This repository serves as a descrption for the exercise.

Objective:

In this exercise, you have deeper understanding of Large Language Models, Vector Datababse, and RAG Architecture. You need to use RAG, with any open-source llm of your choice, and any open-source dataset, saved in a vector db.

Technologies:

  • LLM: Use Ollama, it is a tool that facilitates downloading open source llms such as llama2, llama3, phi, mistral, and others. While it's best case scenario to use ollama, you can use other models from huggingface as an example, stating WHY YOU DIDN'T USE OLLAMA.
  • Hugging Face: Hub of NLP. 1 Million open-source models, and many more open-source datasets. You can use for text embedding models, and open-source datasets to feed to RAG
  • Vector Database: Here's a list of open source vector dbs you can use: Chromadb (best option, recommended), FAISS. These are the main two. feel free to use any other one
  • Langchain: Framework to chain LLm, VectorDB, and RetrievalQA Chain. I CAN'T STRESS THIS ENOUGH, DEVELOPING WITH LANGCHAIN IS A GEM
  • Python:. obvious no?.

Here are some ideas:

  • Develop an LLM with RAG to answer FAQ. These FAQ will be passed first as PDF, loaded and splitted using langchain, saved in a vector database. Then this vectordb will be used as a retreiver, linked to a RetrievalQAChain also from langchain (This step requires LLM, you need to do your research), then the user can ask questions to this model, it should answer from these FAQ.
  • Developm an LLM with RAG to answer questions from any given PDF, say its a research paper and you want to extract information from it without reading it all. Take this question for example: "What is the methodology used in this paper?", using RAG implemented by langchain, you should be able to answer this question from your pdf.
  • I think you got the idea now.

You are expected to:

  • Prepare dataset (Option 1: easy). A List of PDFs, or one pdf with several pages is good.
  • Prepare dataset (Option 2: intermediate-harder than 1). Find a dataset online (ex: from huggingface), or scrape data (ex: from reddit, using reddit api).
  • Add this data to a vector database. Use Langchain text splitter and add them to vector database.
  • Adding data to vector database requires you to use an embedding model. I would suggest you use anyone from hugging face.
  • Use ollama to download an open source model. make sure to choose a model of 7B (7billion) parameters only, to avoid cpu crashing. Also, you can use phi model from ollama for low storage (i tested on it).
  • Use langchian to load model ( whether model from llama, ollama, or hugging face), retreive data from vectordb, and retreival chains for QA.

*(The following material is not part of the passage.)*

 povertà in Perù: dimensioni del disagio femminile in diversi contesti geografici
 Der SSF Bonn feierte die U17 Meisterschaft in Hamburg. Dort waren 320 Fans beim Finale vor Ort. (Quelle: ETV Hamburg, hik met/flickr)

Bonus points: ( points are not necessarily in priority order)

  • Wrap it in Gradio for user interface
  • Create a conversational chat chain, and not a retreivalqa chain, where user can interact with the data source, and not only ask one question
  • Use FlaskAPI to wrap it in an API with POST Request.
  • Write a small report: Difference between finetuning and RAG architecture, Procs and cons, when do we use what, and why.
  • Apply finetuning ( if needed ) before RAG

Resources:

One more example and i'll be doing it for you :) khalas enough

Submission criteria

You have one week at least to submit the solution.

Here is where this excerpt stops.